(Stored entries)
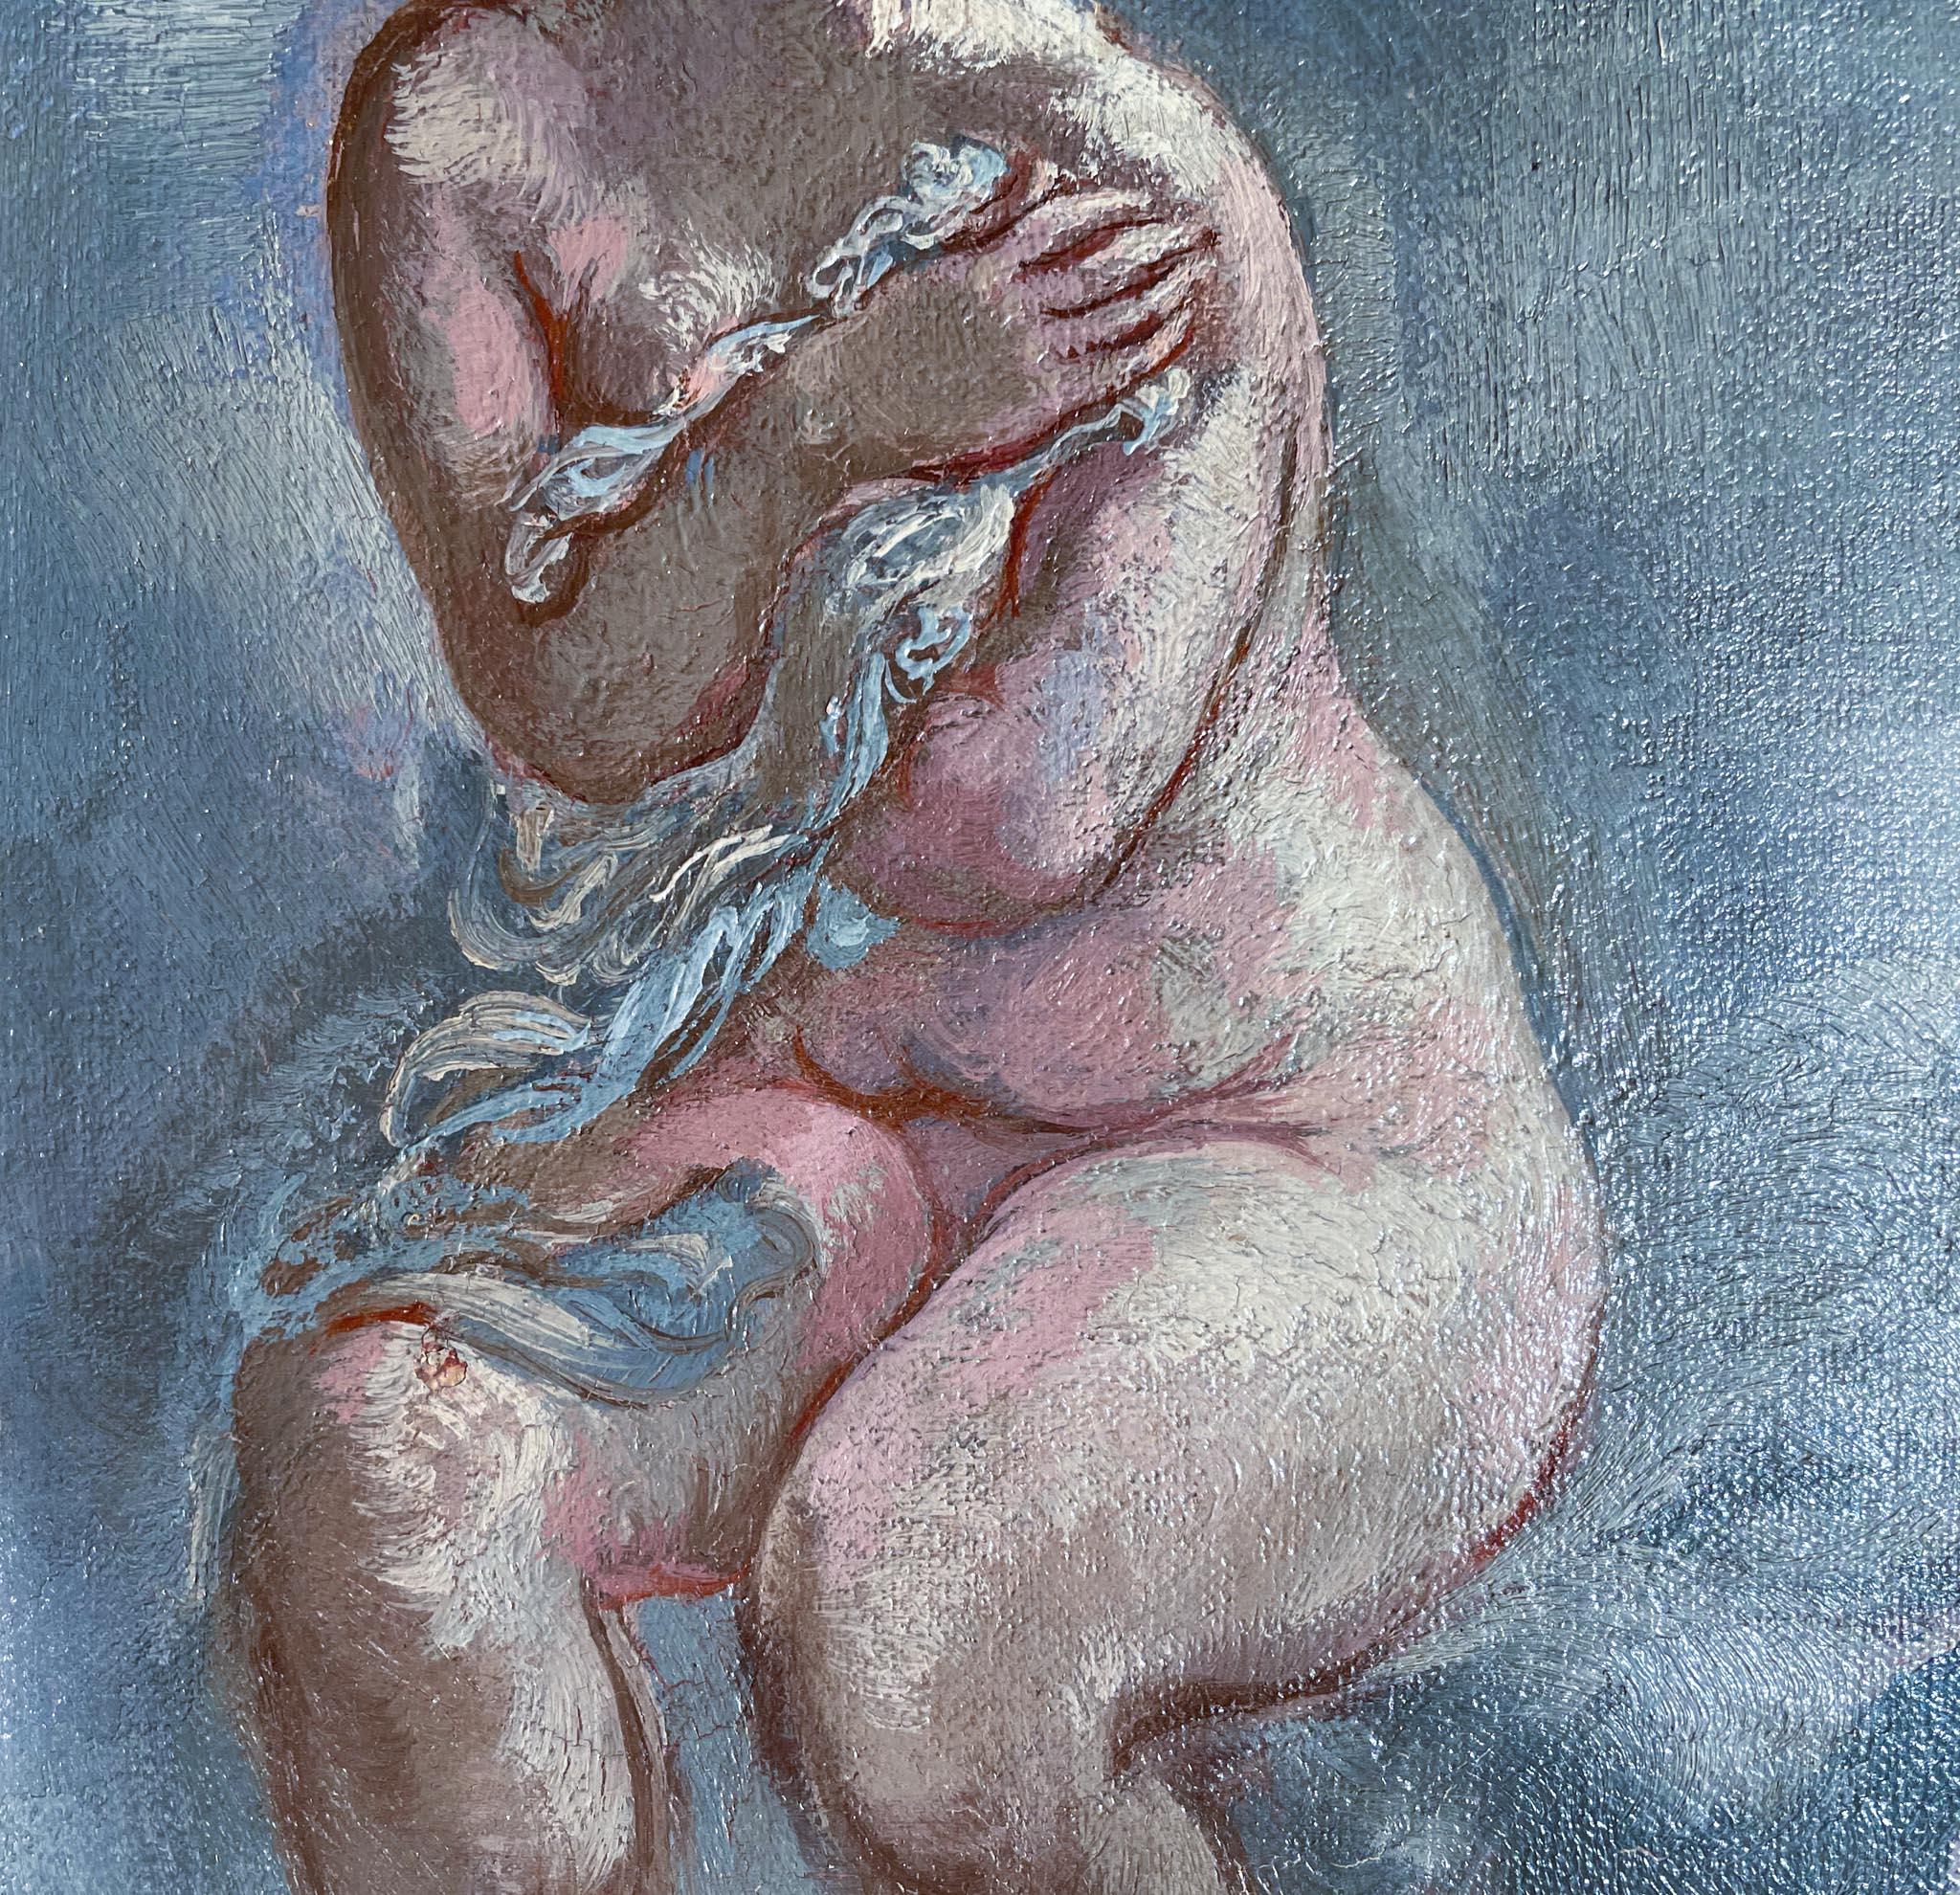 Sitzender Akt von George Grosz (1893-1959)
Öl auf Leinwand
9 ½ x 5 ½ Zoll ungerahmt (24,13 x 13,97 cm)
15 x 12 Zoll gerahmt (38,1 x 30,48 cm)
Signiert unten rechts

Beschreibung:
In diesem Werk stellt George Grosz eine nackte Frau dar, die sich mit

- **EXERCISE REQUIREMENTS**: Drop the images and copy all the data exactly.

- **RESPONSE AREA**:
 Sitzender Akt von George Grosz (1893-1959)
Öl auf Leinwand
9 ½ x 5 ½ Zoll ungerahmt (24,13 x 13,97 cm)
15 x 12 Zoll gerahmt (38,1 x 30,48 cm)
Signiert unten rechts

Beschreibung:
In diesem Werk stellt George Grosz eine nackte Frau dar, die sich mit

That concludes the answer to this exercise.